Exercise =>
Look through the data below for the line with "Pooh and Friends" and the line with "SUSHER COUTURE广告销售", then transcribe exactly from the first through the second, leaving out all pictures.

Supplied records =>
= Beginning of Section =
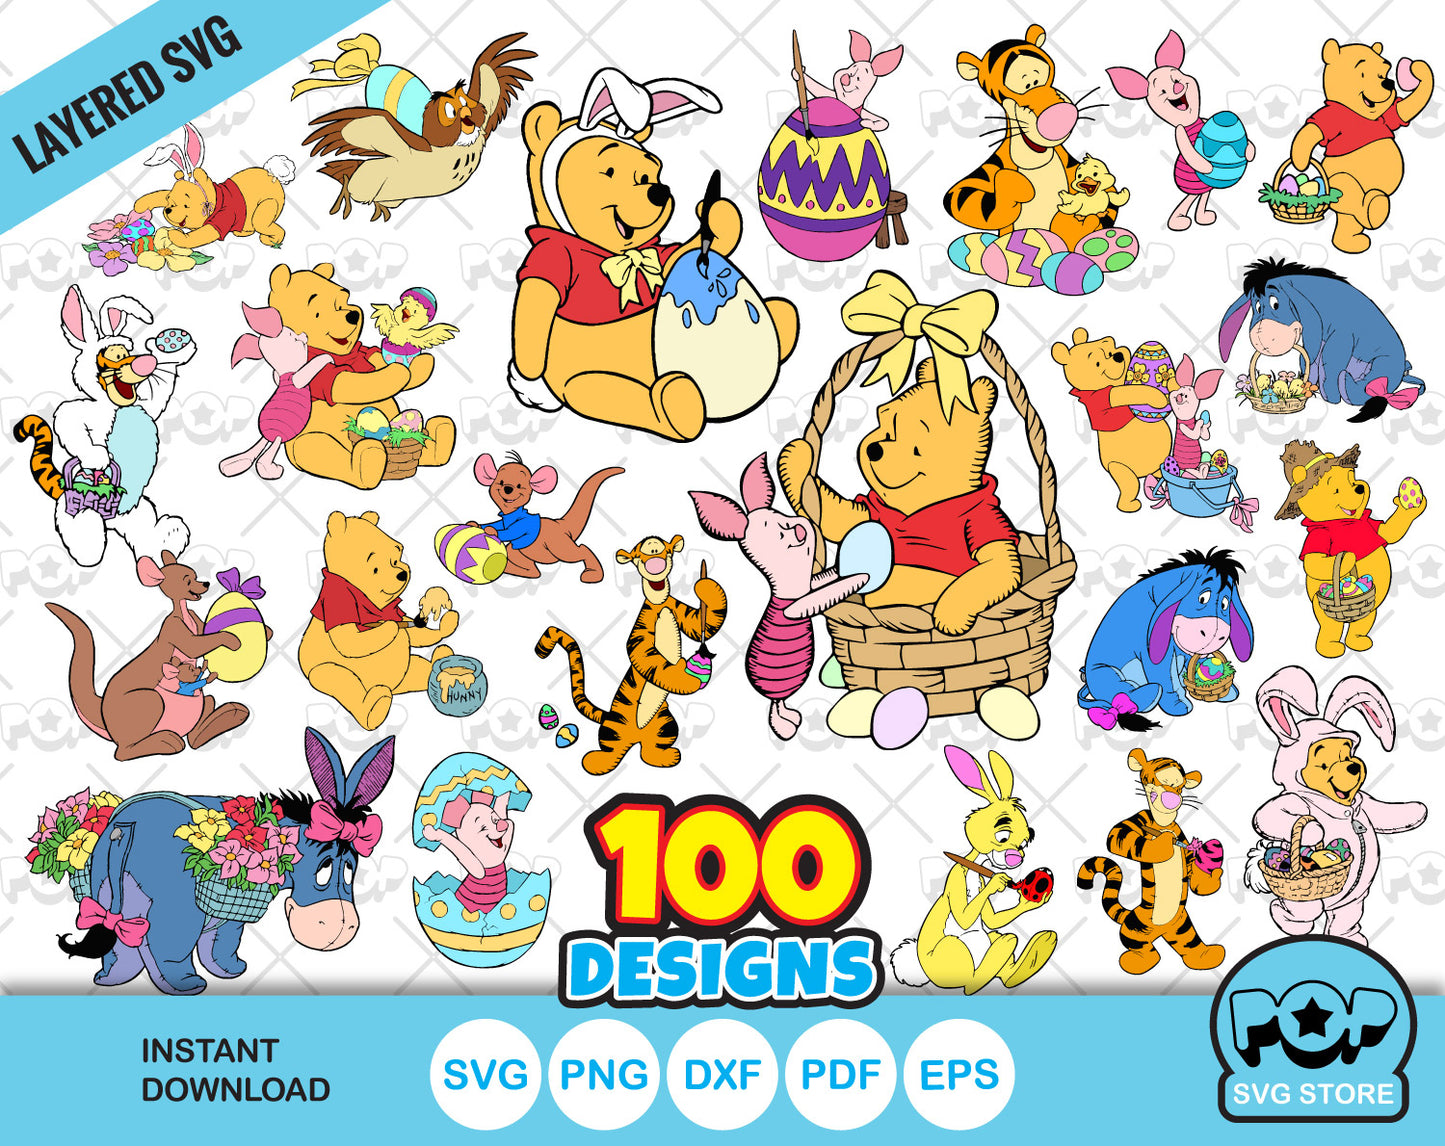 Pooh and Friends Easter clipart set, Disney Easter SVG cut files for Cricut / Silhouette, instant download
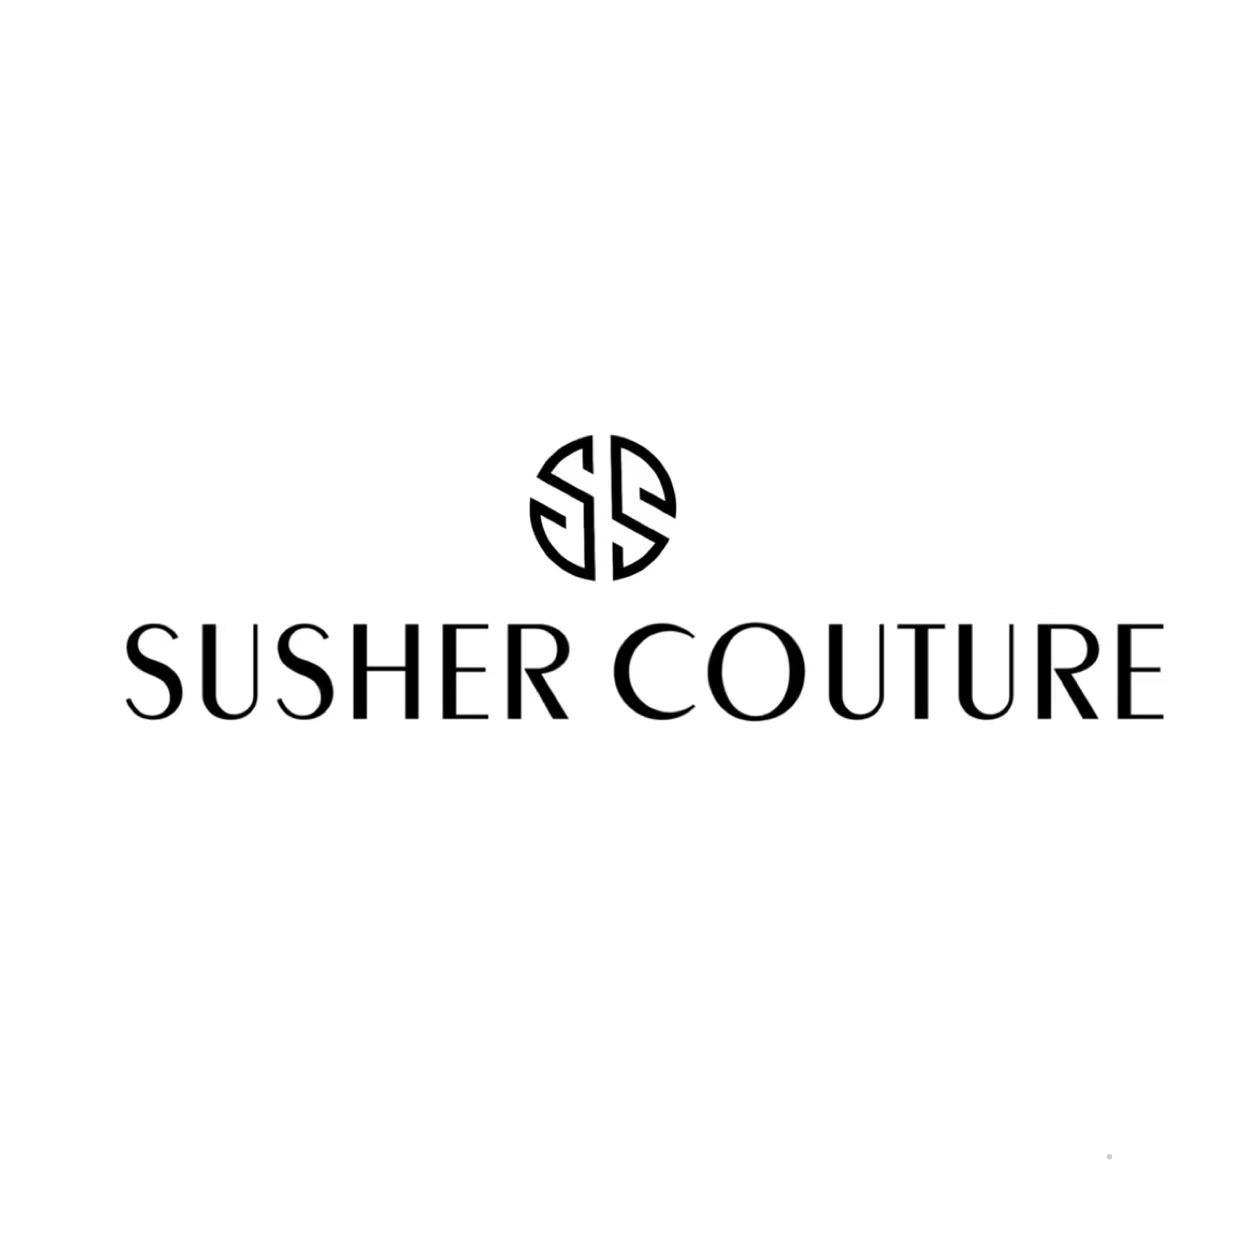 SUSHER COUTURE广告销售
= End of Section =
= Beginning of Section =
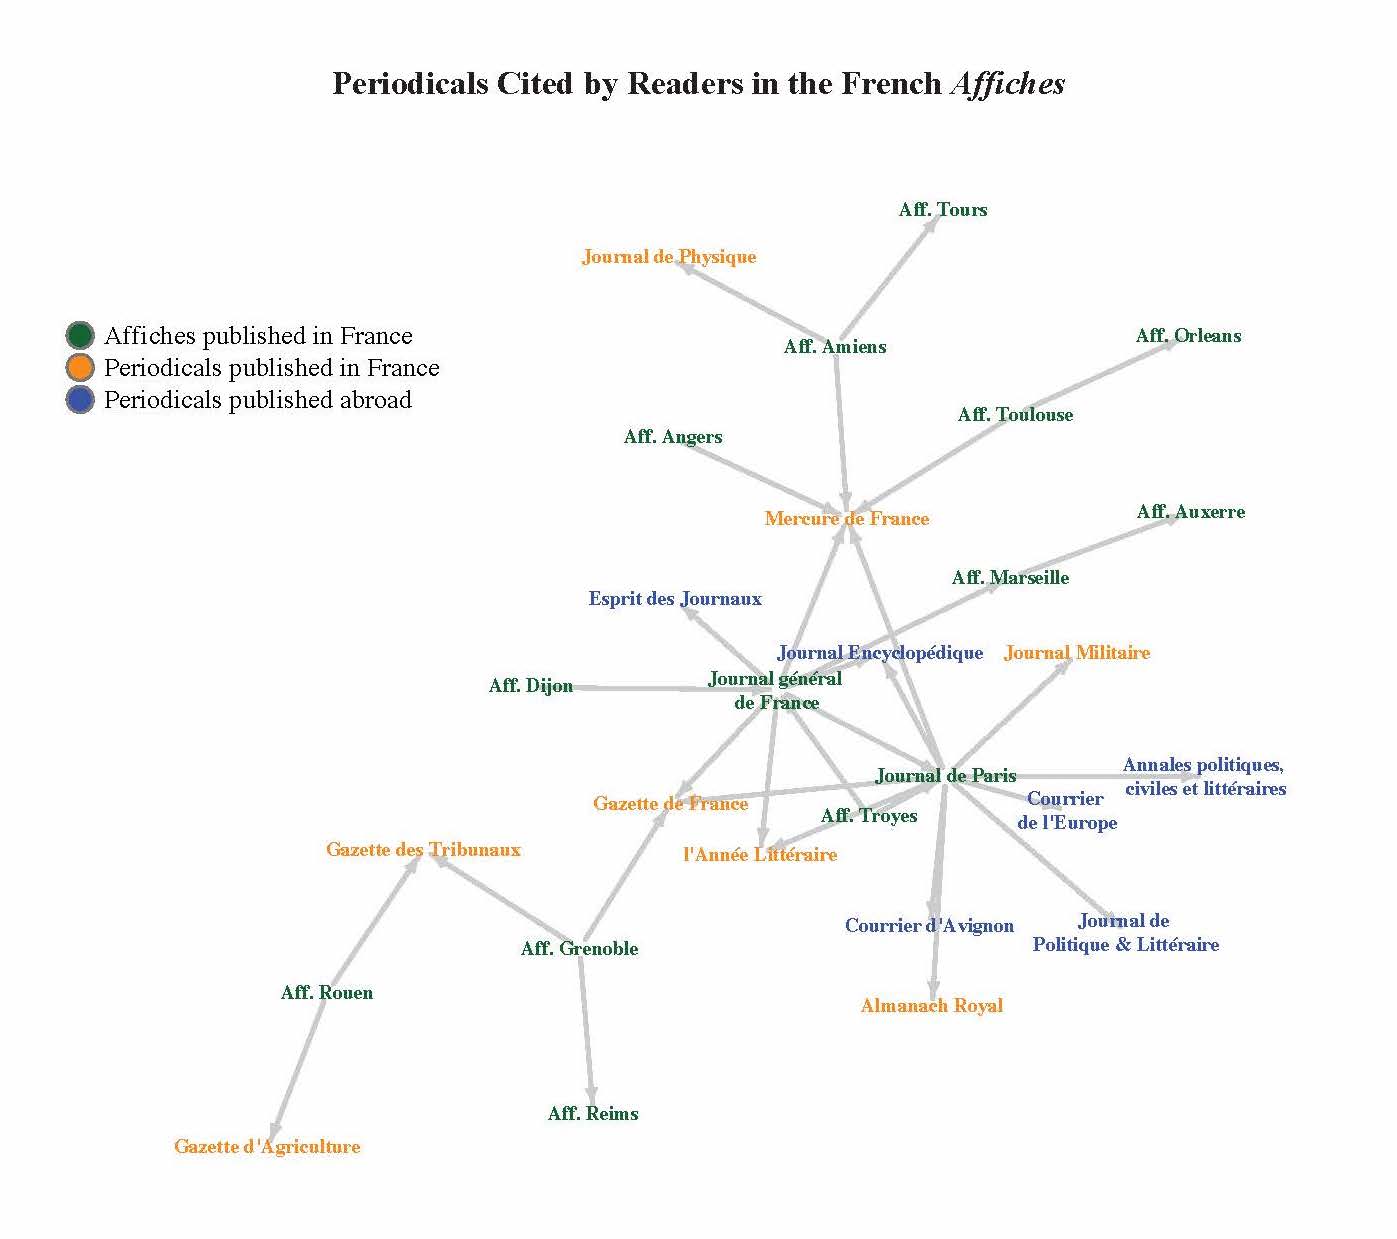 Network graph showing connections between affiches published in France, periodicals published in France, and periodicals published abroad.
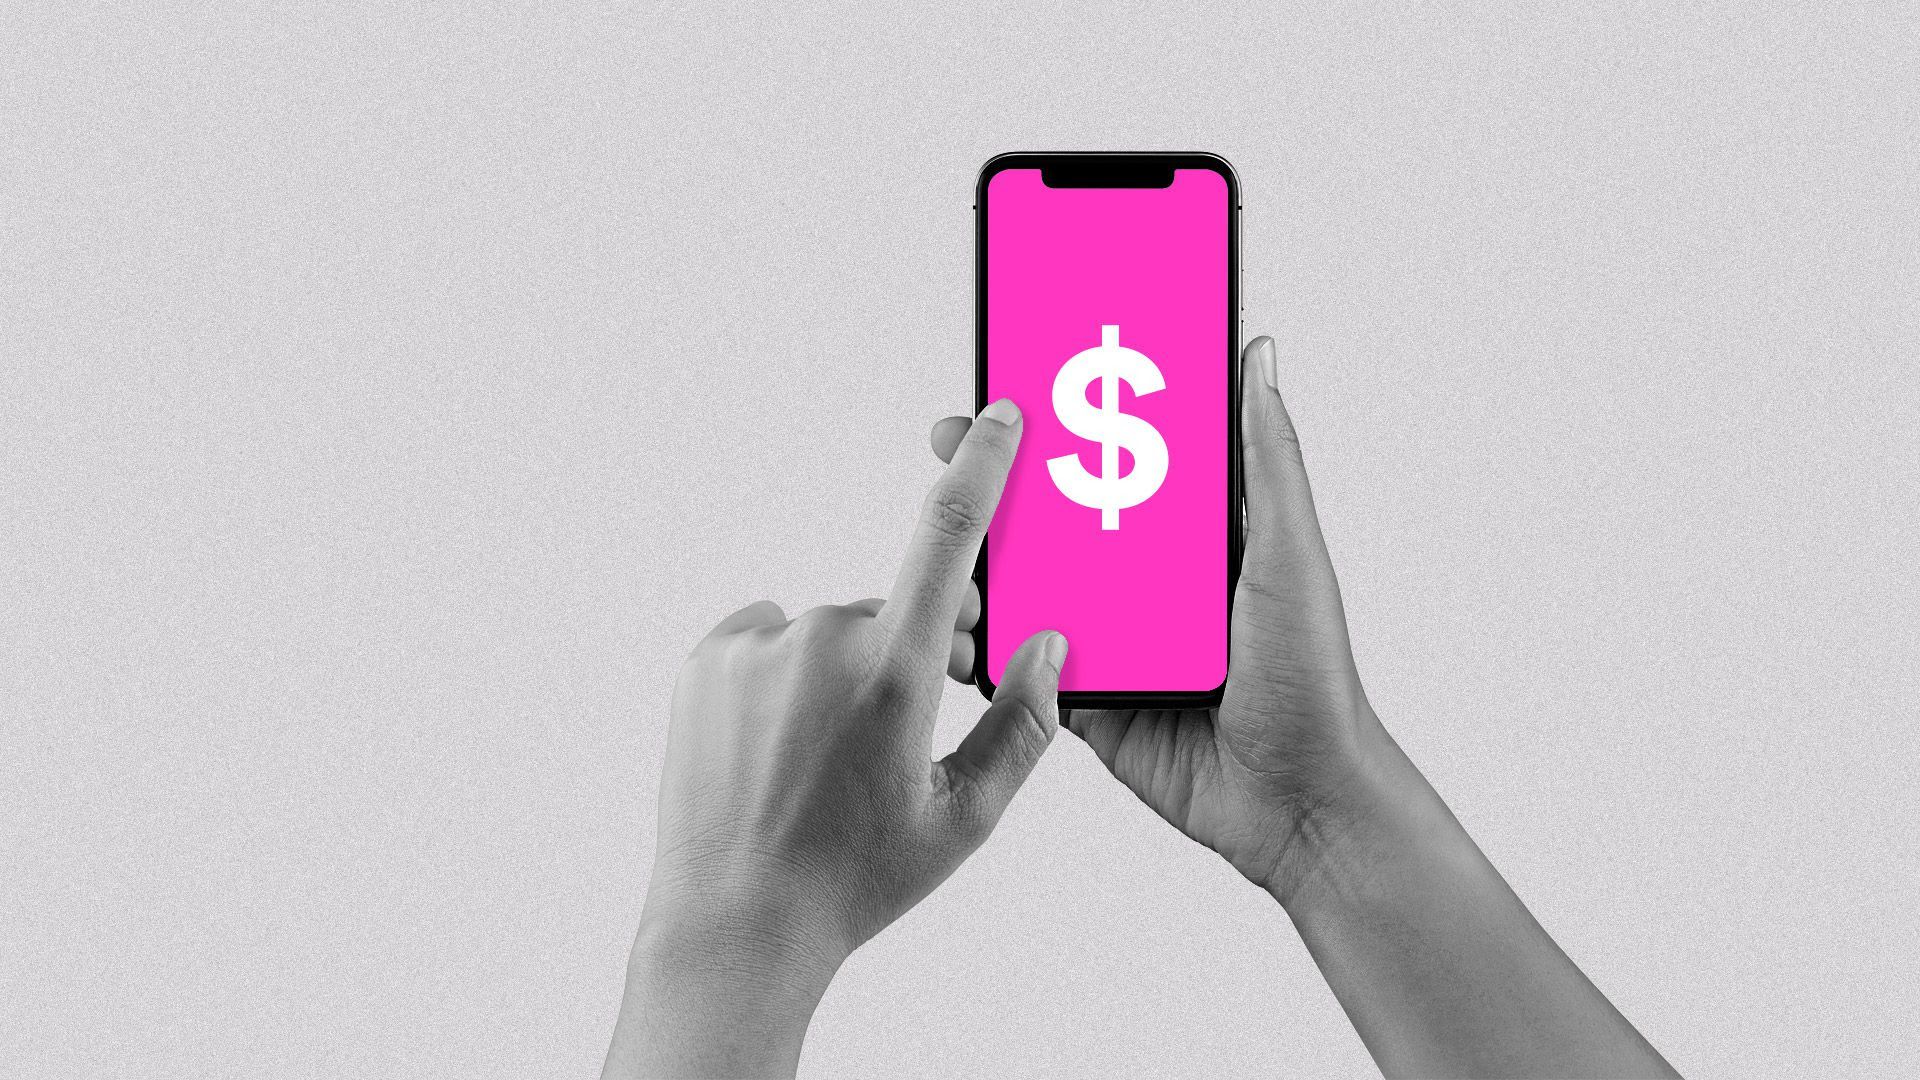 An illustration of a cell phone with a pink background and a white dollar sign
= End of Section =
Expected output =>
 Pooh and Friends Easter clipart set, Disney Easter SVG cut files for Cricut / Silhouette, instant download
 SUSHER COUTURE广告销售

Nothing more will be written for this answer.